Ambassador Stephen Pavane had hardly slept for two nights. Love is debilitating, the cynics said; but they were the ones, almost invariably men, who had been unsuccessful in love. He was no cynic and he had been successful in love several times, but he agreed: love could be debilitating. He had loved
Billie
with a passion that continually surprised him. He had loved his first wife, but her slow death from cancer had been a preparation for grief and loss. It had brought a void in his life, but it had not been as deep as he had expected; it had been like the filling-in of a grave from the bottom. When the headstone had been placed above her it had somehow been a release. Not a joyous one, but a relief nonetheless. There had been empty years afterwards and then Billie had come along. It had not been love at first sight, not for him, though she had said it had been for her. She had been good at flattery because in most instances she had meant it. Then, abruptly and deeply, he had fallen in love with her. And now . . .

“What?” He was in his office with Kortright, his Deputy Chief of Mission.

“Stephen—” Pavane had insisted that at their level there was no need for formality when they were alone. “You're not listening to me.
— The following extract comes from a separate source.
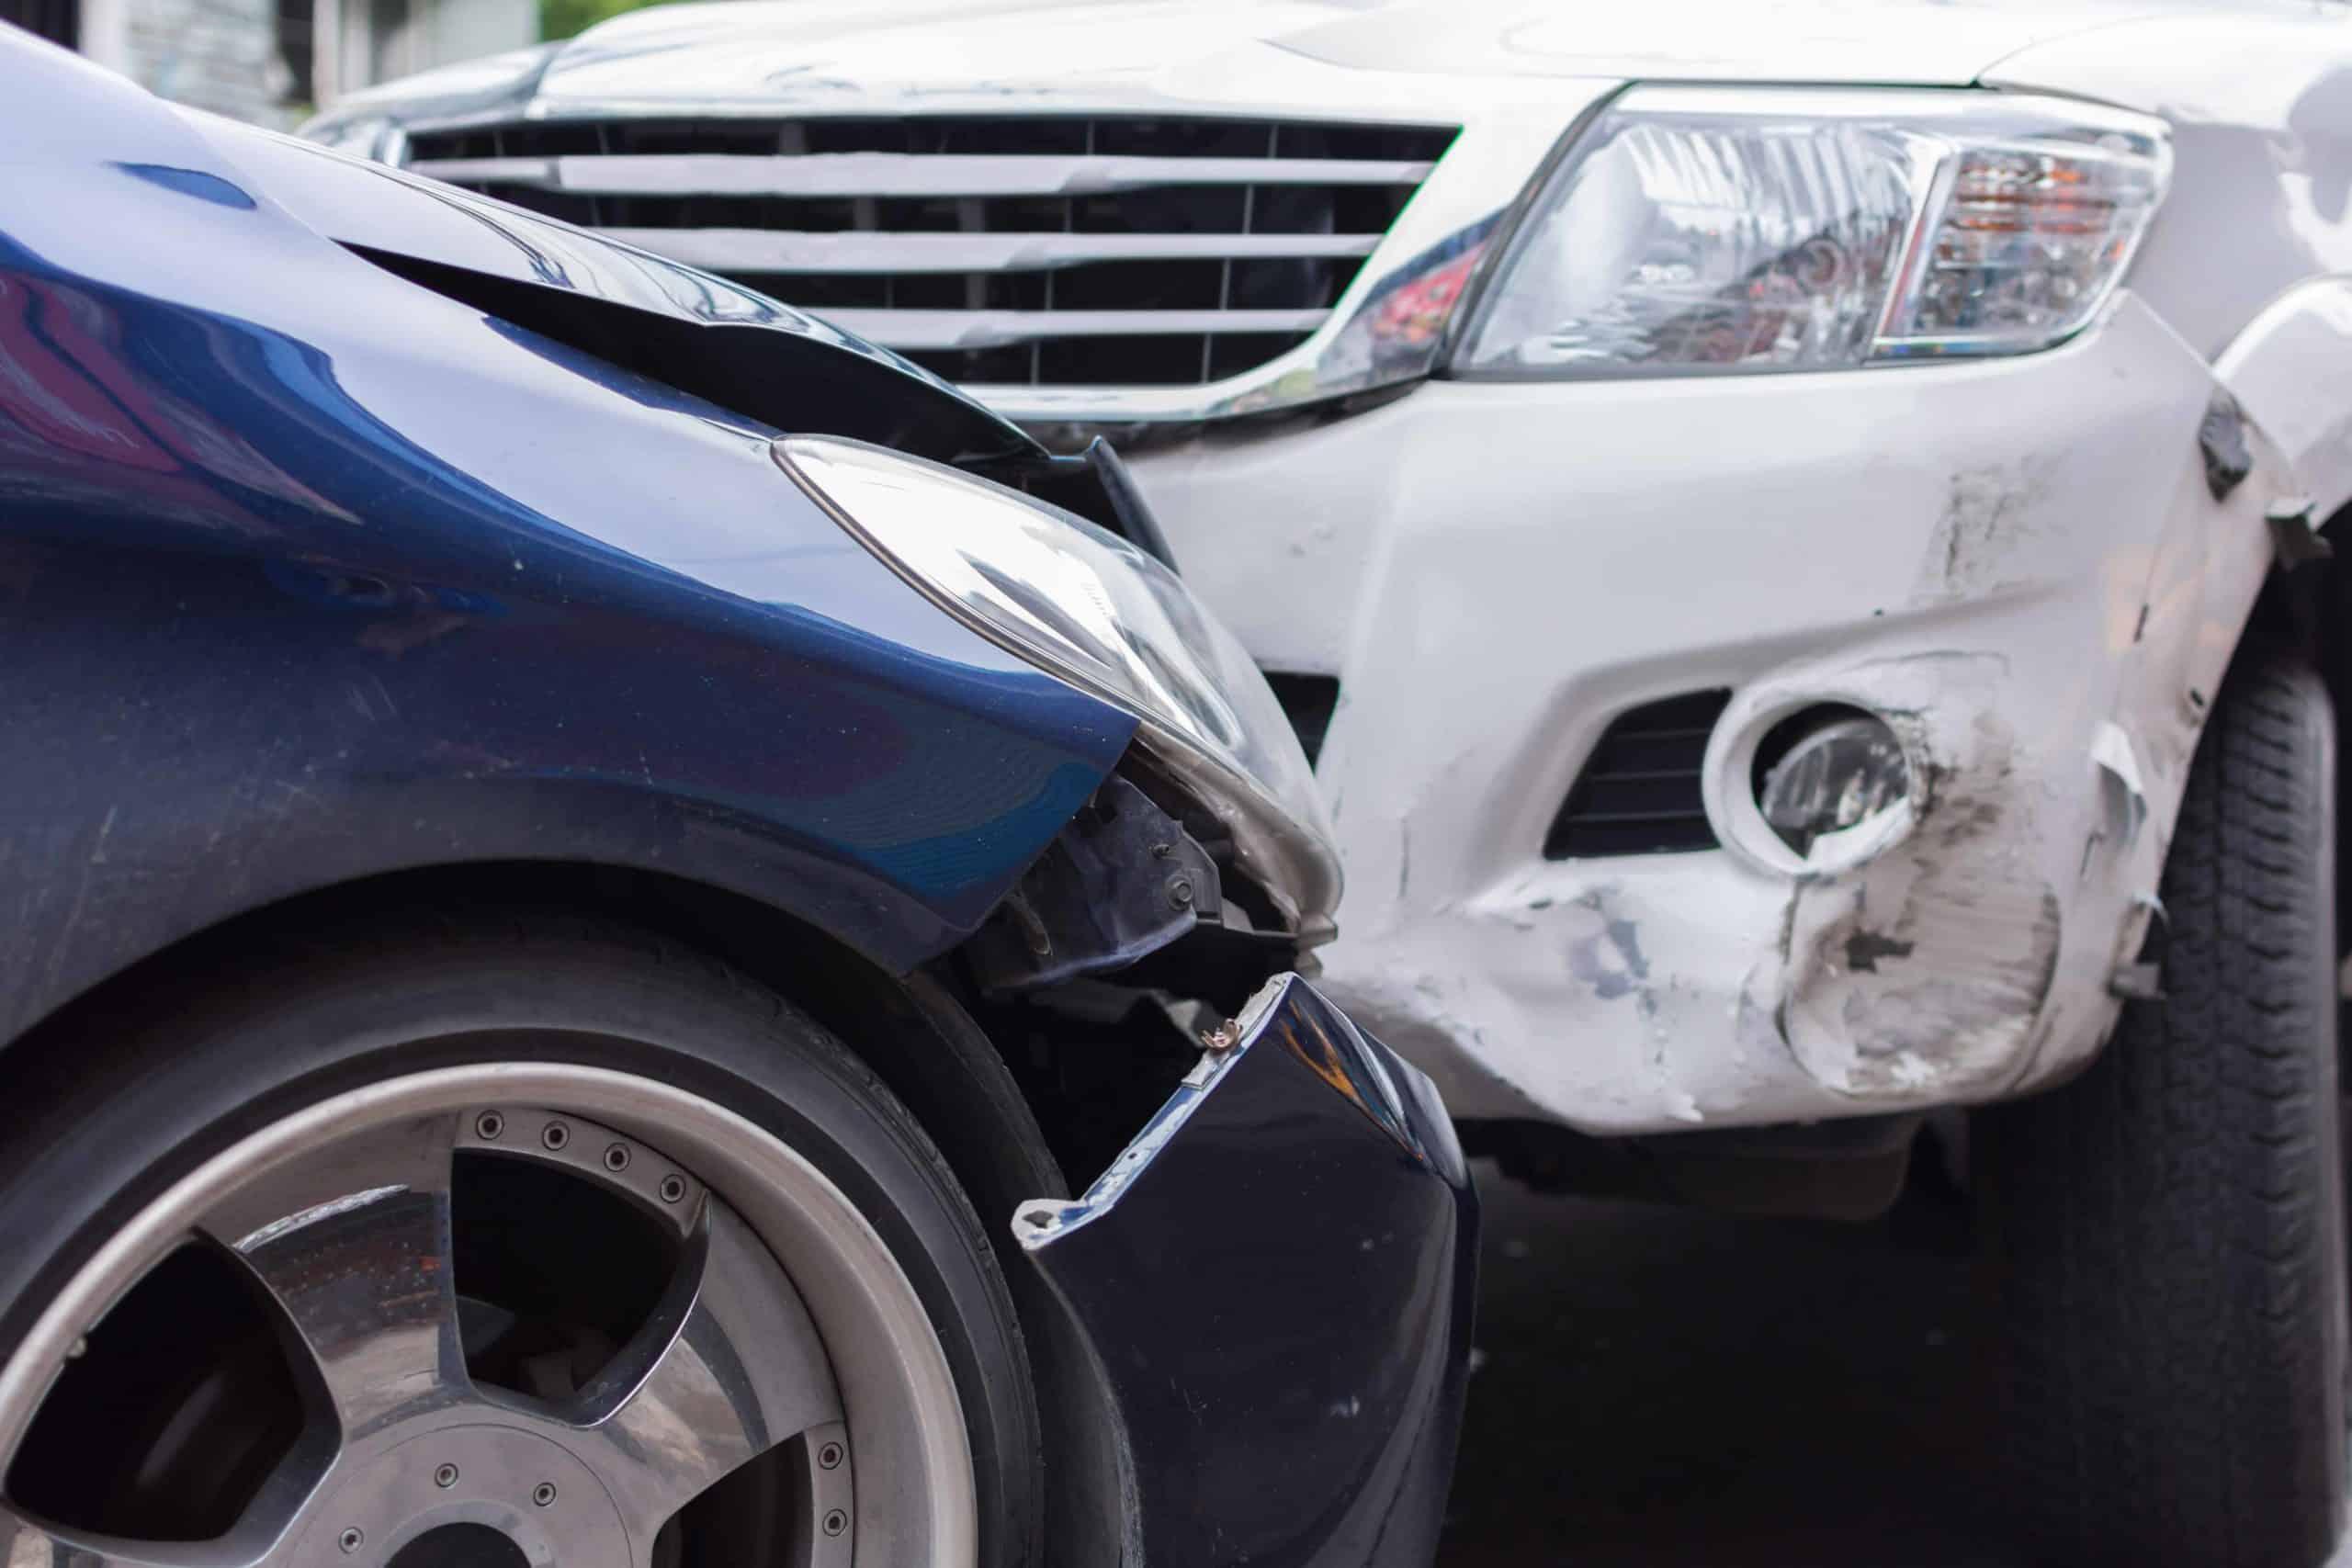 1 Person Dead in Vehicle Crash on Otay Mesa Road [Otay Mesa, CA]

Why don't you go back to the private quarters?”

“Walter, if I go back there, what do I do? Sit and stare out the window?” He sat up straight, did look out the window for a moment. It was a cold Canberra day, the trees bare, a white haze that looked like a dusting of snow on the surrounding hills. One of the Marine guards crossed the lawn, bent over against the wind in a most un-Marine-like hunch. Last night's weather report had said there had been heavy falls at Perisher and Thredbo up in the mountains and he and Billie had been planning a weekend of skiing. He looked back at Kortright. “What were you saying?”

Kortright had a bad habit of making his patience look obvious. He still had some way to go to achieve the bland hypocrisy of a true diplomat; he was aiming for the British or French models, but he had some years of learning ahead. “Roger Bodine thinks he should go up to Sydney.”